RETARDED LANGUAGE DEVELOPMENT by Dr.JORDI MAS


Retarded oral language development has frequently been suggested as a significant contributor to dyslexia. Poor readers often have a very limited vocabulary and use an even smaller part of that vocabulary in everyday speech. Their grammatical constructions are linguistacally immature. Children with retarded oral language development can usually function adequately in normal speaking situations, but they are easily confused by uncommon usages of the language. The rhyming patterns of poetry present difficulties, for example: many times the children understand the meaning of poems, but they cannot easily replace a word with another rhyming word. Teir limited language abilities do not permit them to play with language or the sounds of language.Thus, these children may have trouble segmenting and rearranging language sounds when they attempt to speak in pig latin.
Conversely, general language disability, especially among older children, might be the result of inadequate reading abilities. The child who cannot read properly could be expected to acquire vocabulary, general information and mature grammatical constructions at a slow rate. The most widely held interpretation, however, says dyslexia isthe final, crippling manifestation of an overall language disability.
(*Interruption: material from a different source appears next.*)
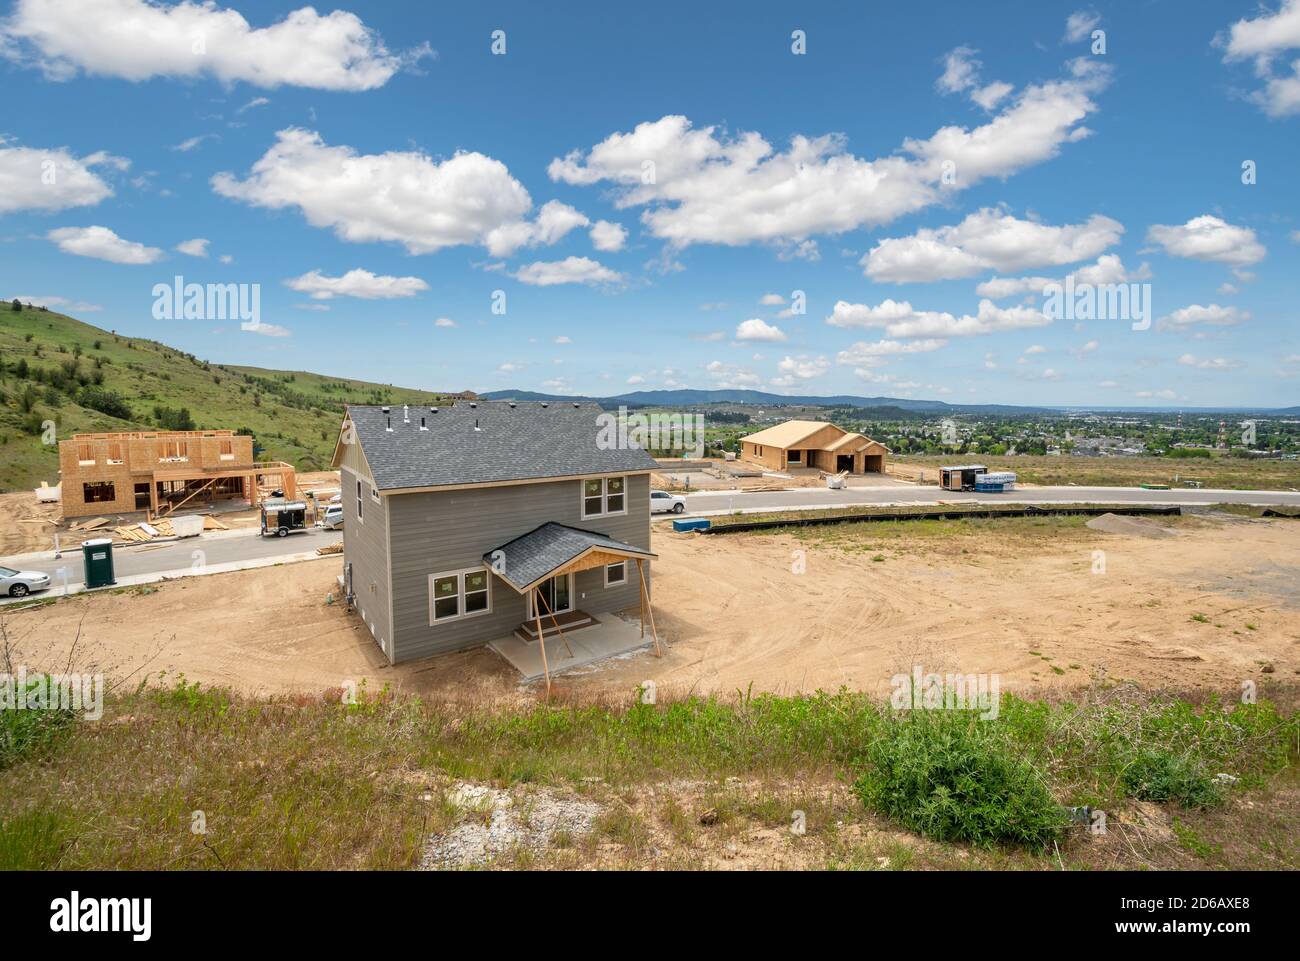 De nouvelles maisons en construction sont en cours de construction dans une subdivision au sommet d'une colline surplombant une vallée dans une région de nouvelles maisons dans la région de Spokane, Washington des États-Unis Banque D'Images

Most of the evidence supports this conclusion.

Additional support for a language-based origin of dyslexia comes from studies in wich verbal and nonverbal stimuli were presented to groups of normal and reading impaired children. In one study, good and poor readers were show several cards one at time. Printed on each card whas either a verbal syimulus (nonsense syllable) or a nonverbal stimulus (nonsense design or photographed face).

Four of the stimuli kept reappearing, but otherwise the stimuli were different. the children's task was to tell if they had already seen each stimulus as it was presented. The result: normal and impaired readers showed no significant difference in ability to recall photographed faces or nonsense desings. However, the normal readers were far better at recalling the recurrence of the nonsense syllables. It appears that the normal readers' language ability permitted them to process the verbal information more efficiently.